# I cut off the last of the money today



## lisa3girls (Apr 6, 2011)

I had a few electronic bills coming out and I needed to let them clear, but they did, so I went to the bank and closed the joint account. 

So he has a non-functional debit card, no credit cards at all, had to get a new cell phone as I cut his off, an insignificant seasonal part time job and the only reason he isn't on the street is that he is living with the OW. 

So today he gets to see how life without me really is... wonder how much OW will like the pathetic broke him. I wonder how long before he starts to show the ugly part of himself and the honeymoon will wear off.

It didn't have to be this way....


----------



## CH (May 18, 2010)

So are you finally moving on and past him or not?


----------



## Eli-Zor (Nov 14, 2010)

Good for you, focus on you and go dark on him
_Posted via Mobile Device_


----------



## lisa3girls (Apr 6, 2011)

cheatinghubby said:


> So are you finally moving on and past him or not?


I am trying... I don't want to end it, but he says he does, and I have to protect my children. Either way, I won't finance him to be carrying on with someone else while we are still married.


----------



## tacoma (May 1, 2011)

lisa3girls said:


> So today he gets to see how life without me really is... wonder how much OW will like the pathetic broke him. I wonder how long before he starts to show the ugly part of himself and the honeymoon will wear off.


You need to start thinking about what you`re going to do when this happens.

He`ll come back if she kicks him curbside, he`ll come back to his second choice and claim you were always his first.

You`re early on in this Lisa, it`s still painful raw for you.

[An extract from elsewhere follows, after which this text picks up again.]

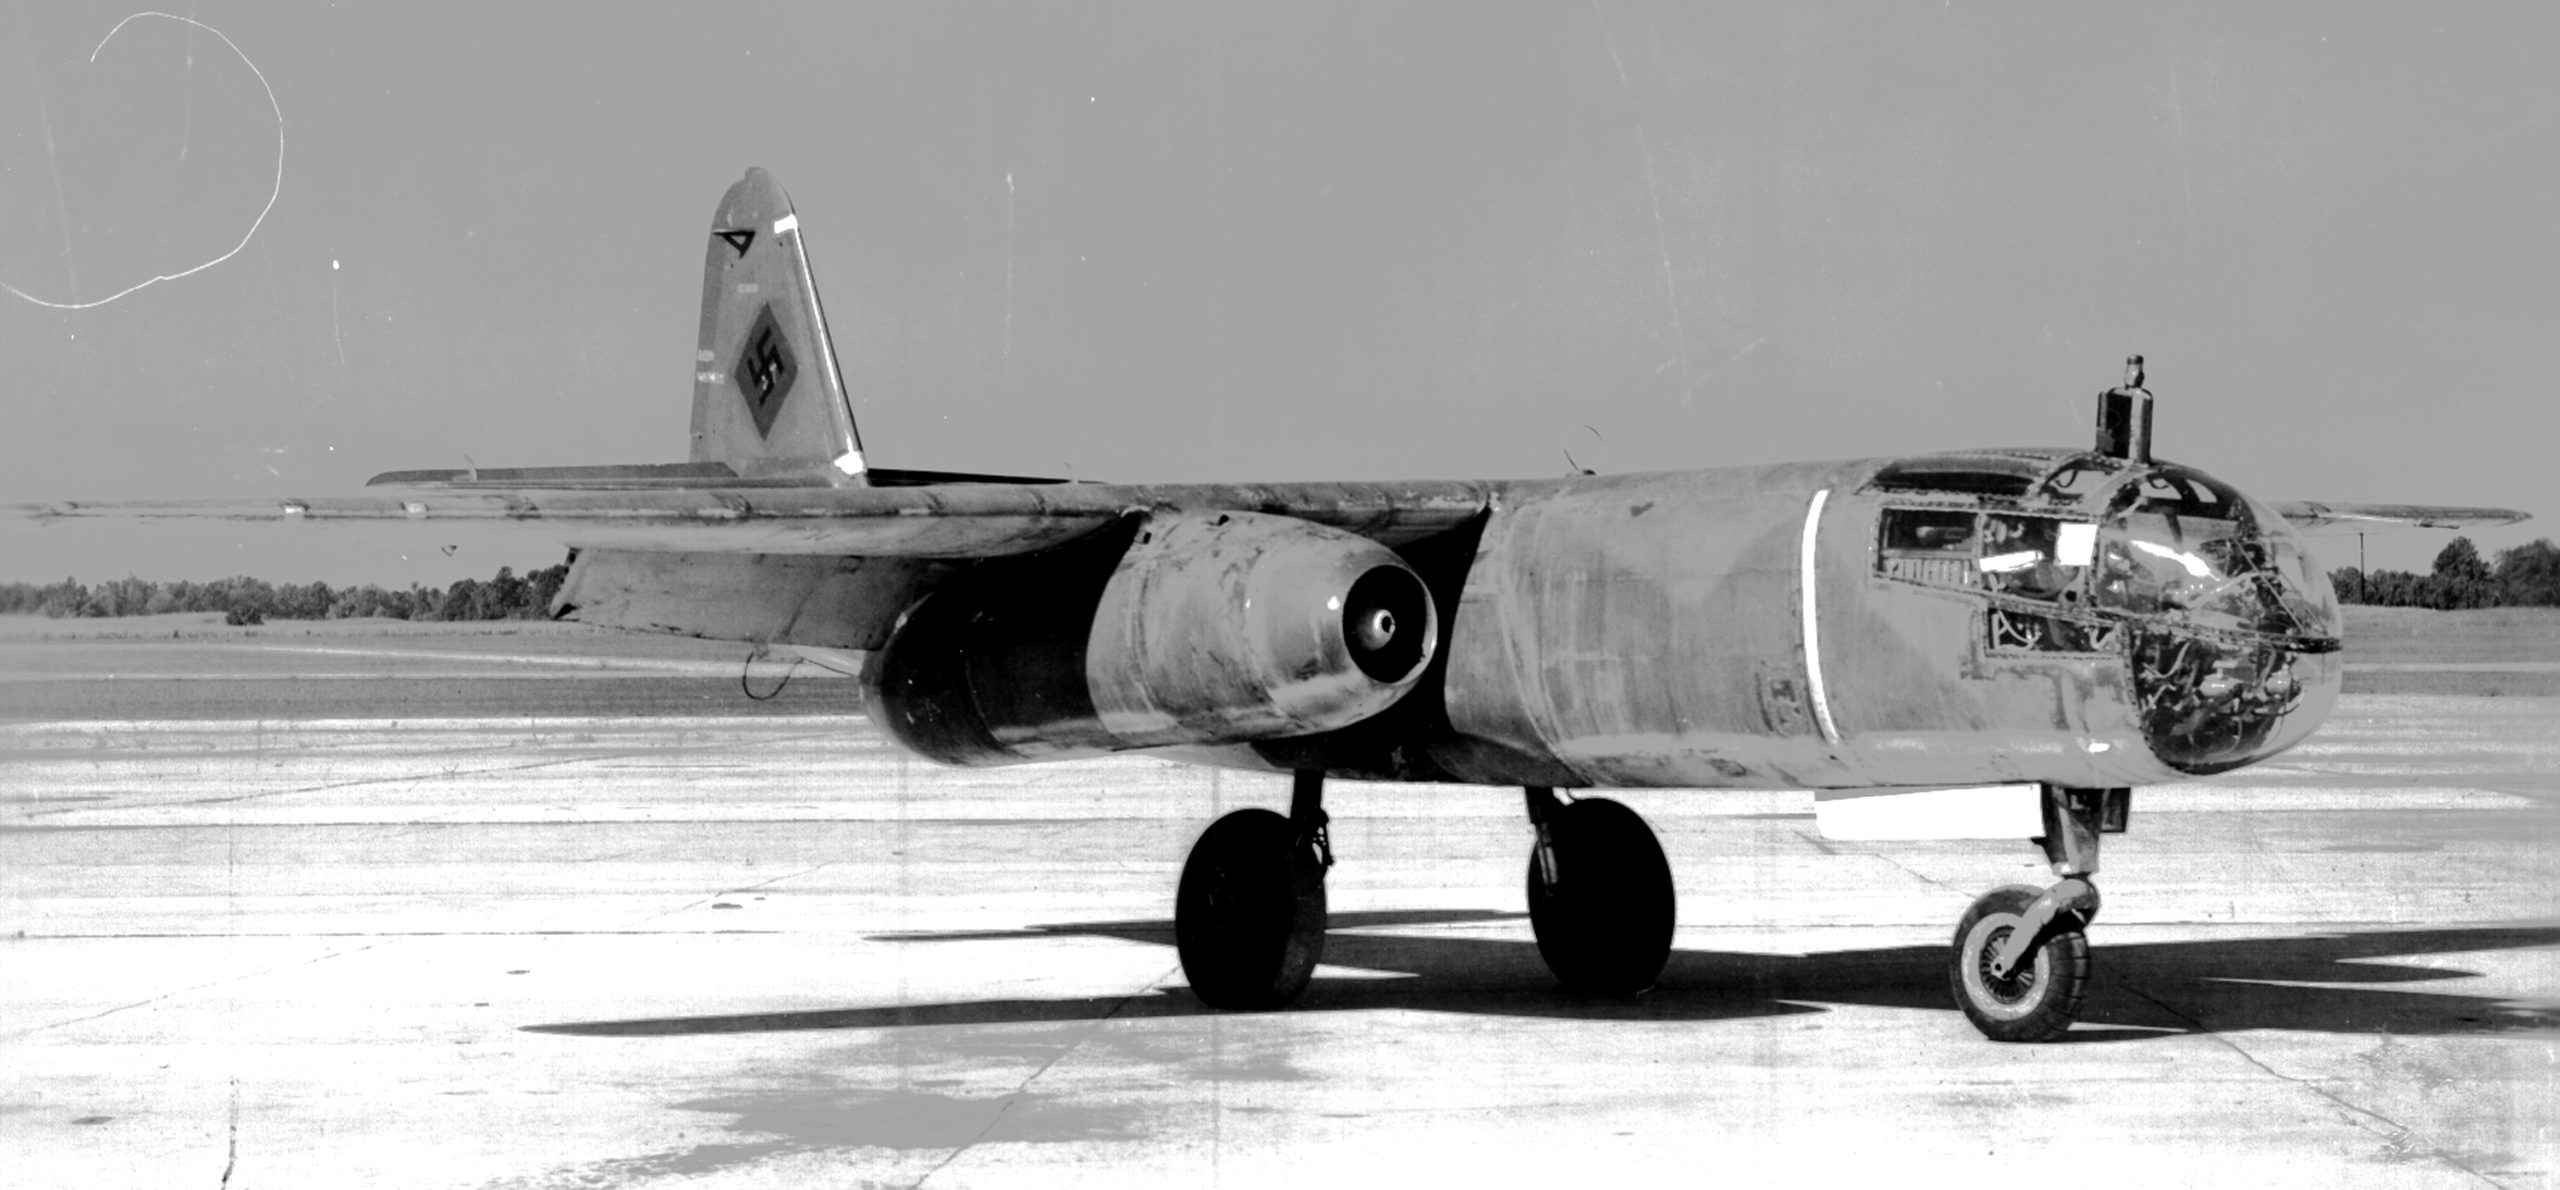 Ar 234: Σπάνιο υλικό από το πρώτο αεριωθούμενο βομβαρδιστικό στον κόσμο

Do you have the strength to resist it?


----------



## lisa3girls (Apr 6, 2011)

tacoma said:


> You need to start thinking about what you`re going to do when this happens.
> 
> He`ll come back if she kicks him curbside, he`ll come back to his second choice and claim you were always his first.
> 
> ...


I don't know, I love him and I was ready to give it a try once already. This is the hardest thing I have ever dealt with in my whole life.


----------



## joe kidd (Feb 8, 2011)

lisa3girls said:


> I don't know, I love him and I was ready to give it a try once already. This is the hardest thing I have ever dealt with in my whole life.


Hang tough.


----------



## tacoma (May 1, 2011)

lisa3girls said:


> I don't know, I love him and I was ready to give it a try once already. This is the hardest thing I have ever dealt with in my whole life.


I truly understand.

You know if he comes back you should tell him to **** off but it`s so hard to do and he`ll take advantage of that.

He`ll take advantage of the pain he caused you and your girls just to put you back in that same ****ty position.
Just to cover his own ass he`ll use your broken heart against you.

Start shoring up that strength Lisa, you`re going to need it.


----------



## onthefence16 (Aug 21, 2011)

GOOD FOR YOU WOMAN.....I plan on making drastic changes also.....GOOD FOR YOU....


----------



## Onedery (Sep 22, 2011)

lisa3girls said:


> I don't know, I love him and I was ready to give it a try once already. This is the hardest thing I have ever dealt with in my whole life.


The hardest thing you will EVER do is have to deal with this guy should you decide to be his door mat, once again.
Once the dust settles, you will find that life is pretty damned good without his dead weight.
Good Luck!


----------



## that_girl (Jul 6, 2011)

I'm proud. It was a hard step, I can imagine. But good for you. Good.for.you.


----------